DW staff with wire reports (jg)June 28, 2007

One of Germany's leading European parliamentarians has attacked the Polish government for bringing up the country's Nazi past in an attempt to gain more power in the EU.

German socialist European Parliament member Martin Schulz
Martin Schulz has condemned Polish tacticsImage: AP

This comes after a number of inflammatory remarks by Polish Prime Minister Jaroslaw Kaczynski against the backdrop of the weekend's turbulent EU summit in which Germany and Poland clashed over proposed changes to the bloc's voting procedure that would weaken Warsaw's clout.

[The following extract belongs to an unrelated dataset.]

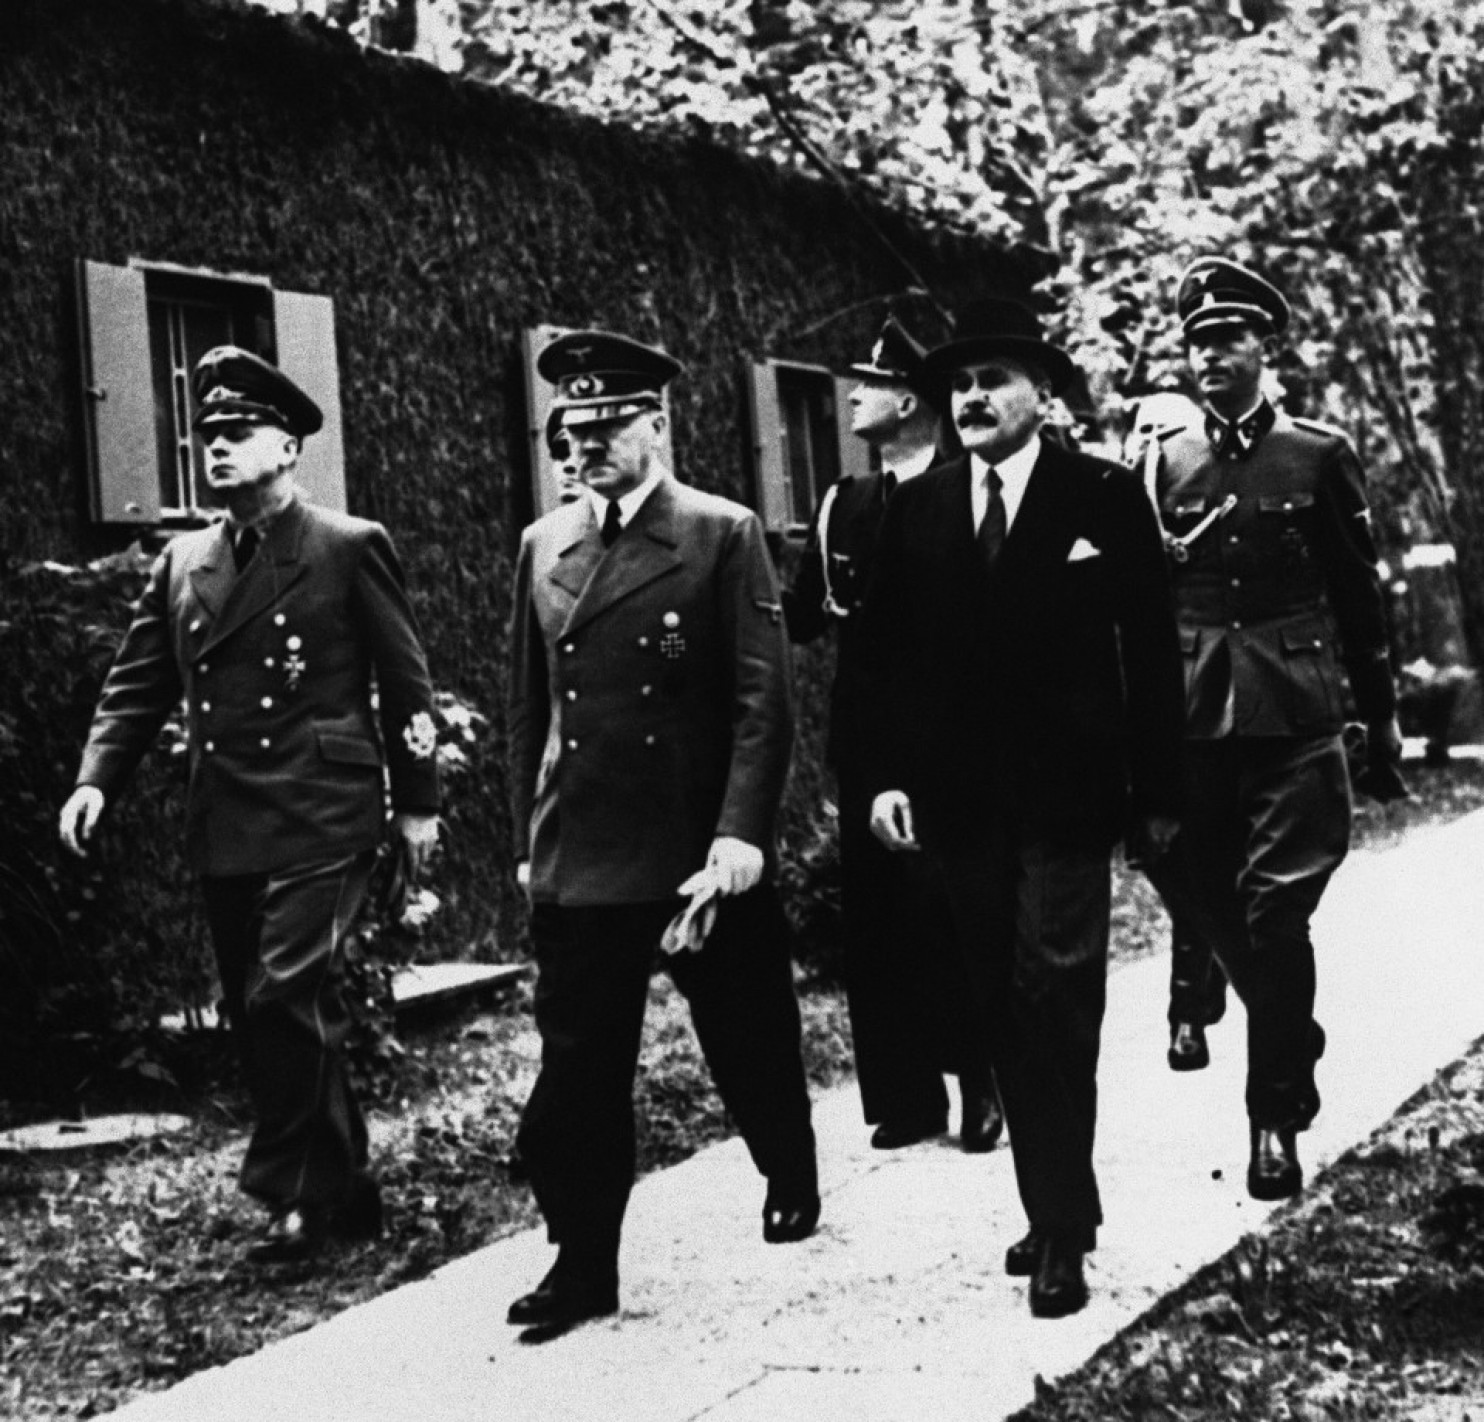  A photo of Hitler obtained by the Associated Press under its arrangement with the Nazis. (AP Photo)

"Anybody who tries to weigh up the dead of the Second World War against votes in the (EU) Council has to be rejected out of hand," Martin Schulz, leader of the Socialist Group in the European Parliament, told fellow lawmakers in Brussels on Wednesday to loud applause.

"The EU is an idea aimed at eliminating the specters of the past ... We will not permit the few to bring up those specters," he added.

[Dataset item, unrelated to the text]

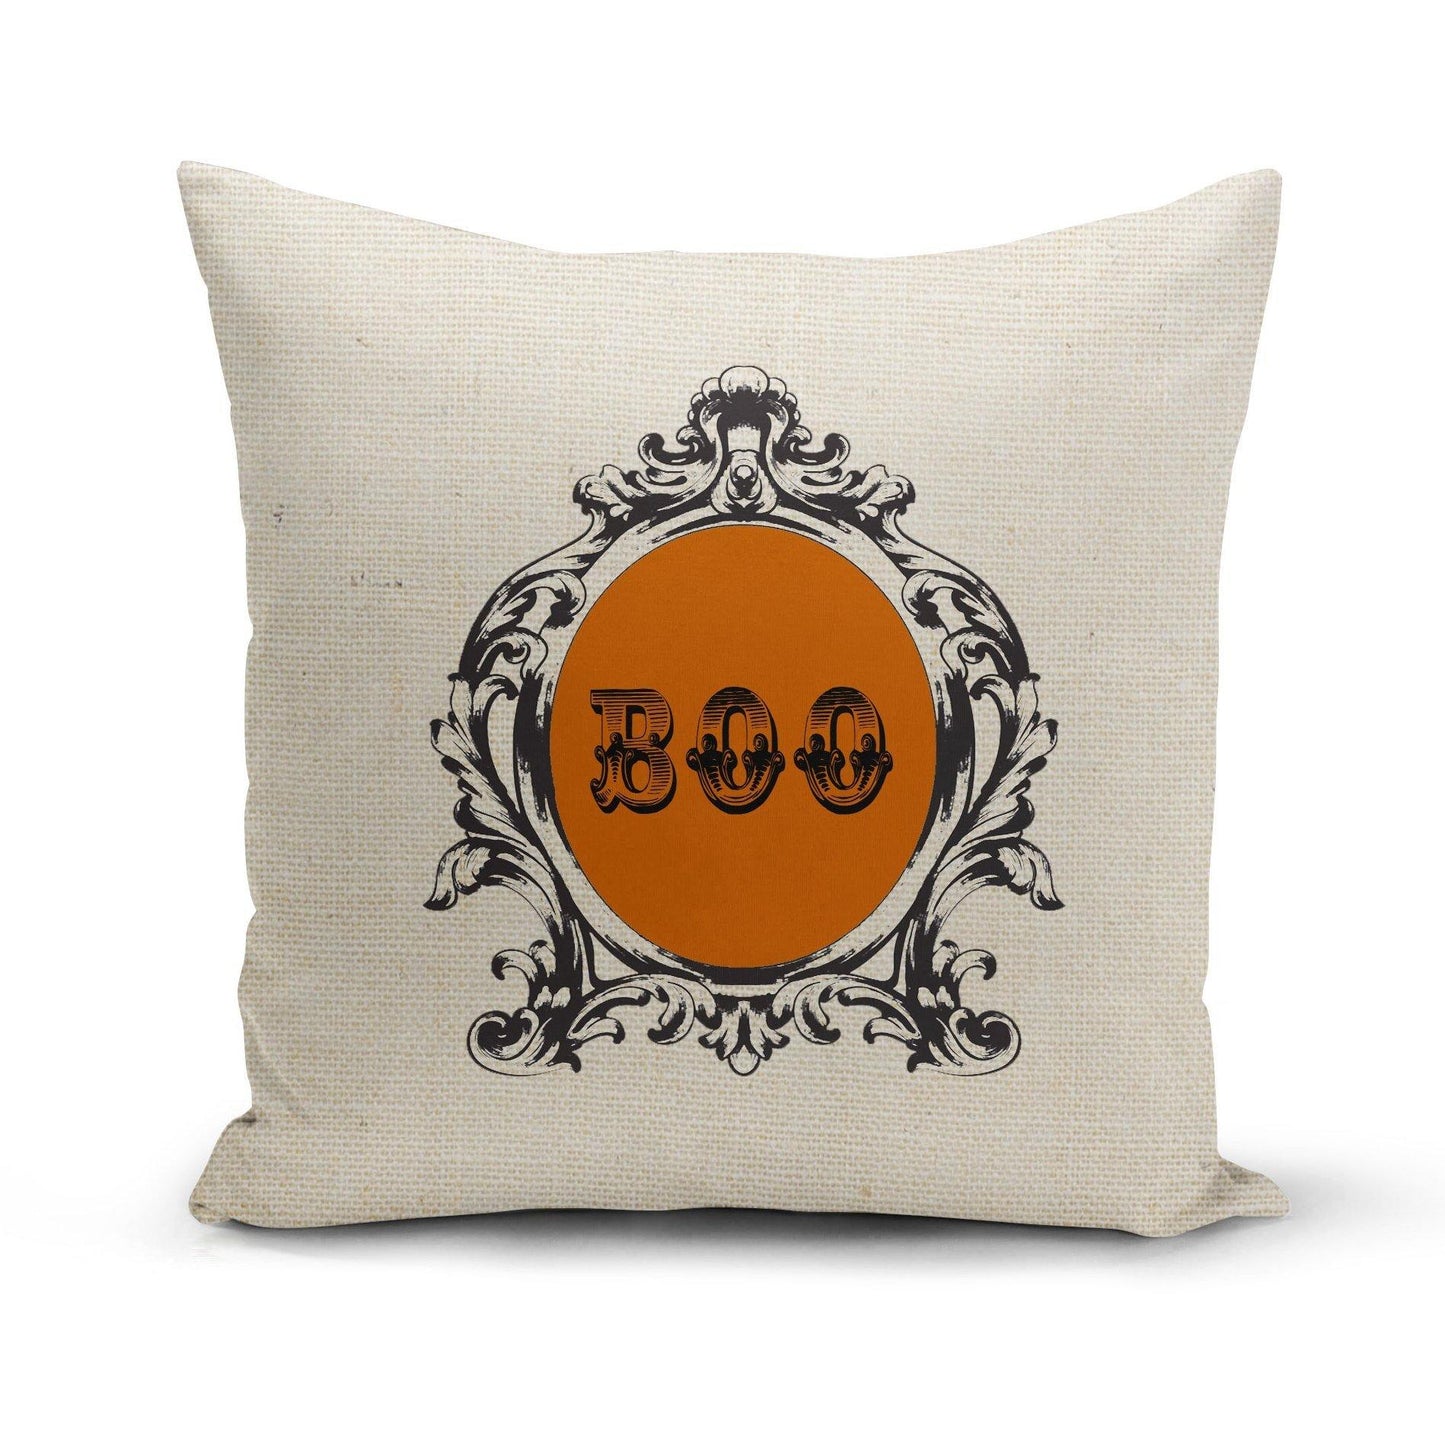 Boo-Fancy Pillow Cover

Schulz was referring to Kacyznski's remarks that Poland deserved more voting power in the EU because its population would have been far larger if it had not been decimated during the Nazi era. The prime minister compounded matters on Tuesday when he compared modern-day Germany to the era that brought Adolf Hitler to power.

"Not representative"

Bilateral relations have been strained since the Kaczynski twins came to powerImage: picture-alliance/ dpa


Marek Siwiec, a Polish member of the European parliament said that Kaczynski's comments and the Polish blocking tactics at the EU summit did not represent the views of the Polish people.

He praised Germany for avoiding any kind of "demonstration of power" in its role as holder of the EU presidency vis-a-vis Poland and other EU states and praised German chancellor Angela Merkel's pleasant "new leadership style."

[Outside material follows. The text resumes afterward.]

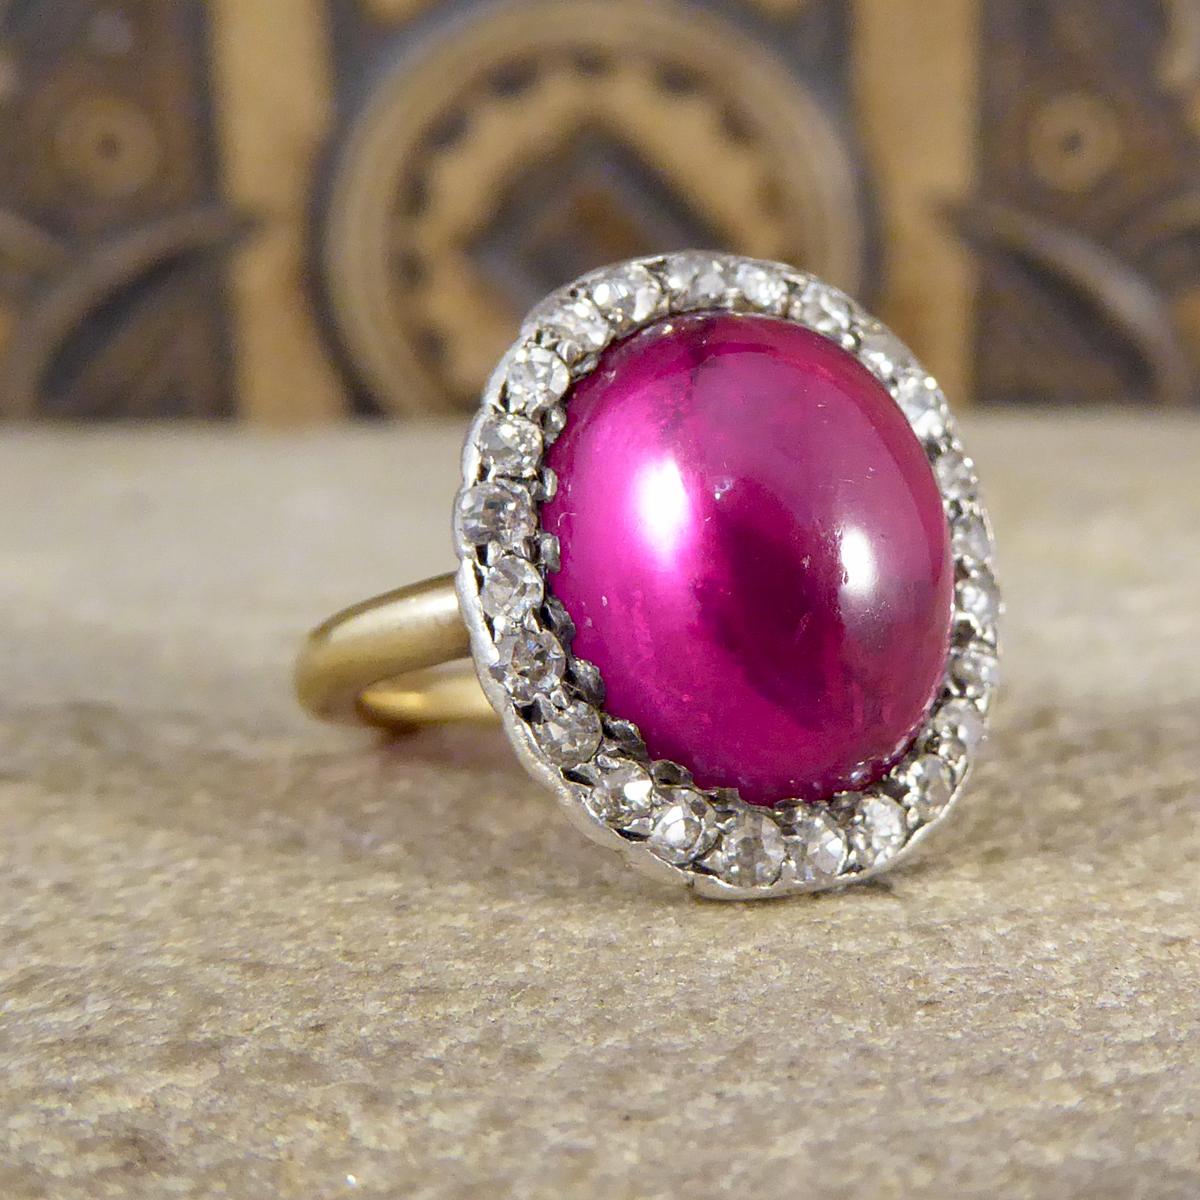 A classic Edwardian cluster ring, handmade with quality craftsmanship. It has been modelled in 18ct Yellow Gold and Silver with markings on the inner band (faded). The design features a Cabochon Crown Lab grown Ruby in the centre with a surround of

Poland eventually won concessions at the summit, notably a delay to the introduction of the new voting system which it opposed, but faced criticism for its negotiating manner.

The German chancellor continues to seek to play down the dispute with Poland.

"For us our Polish neighbor has the same importance as our French neighbor," she said in a speech on Wednesday in Brussels.

She has not commented on a controversial caricature of her that appeared on the front cover of the conservative Polish magazine Wprost on Monday. Entitled the "Stepmother of Europe," the photomontage depicted the German chancellor breast-feeding the Kaczynski twins.

Outrage

This controversial caricature has also provoked a storm of outrageImage: AP


A number of German politicians expressed outrage on Tuesday about the caricature that accompanied an article written by Mariusz Muszynski, the Polish foreign minister's commissioner for German-Polish relations.

But Eckart von Klaeden, the foreign policy spokesman for the conservative CDU/CSU bloc, has also called for the matter to be approached in a more relaxed manner. He told the Hannoversche Allgemeine Zeitung that press freedom also protected things that people might regard as stupid or tasteless.

Von Klaeden also referred to a caricature that appeared in Germany's taz newspaper a year ago that compared the Polish president as "Poland's new potato." At that time Berlin responded to protests from Warsaw by referring to the freedom of the press.

"Exactly the same standards should apply with regards to the cover of a Polish magazine," he said.

Von Klaeden also expressed optimism that the tensions between Germany and Poland would soon settle.

"Once all the momentary fuss has subsided, it will be possible to clearly see the success of the summit in Brussels," he said.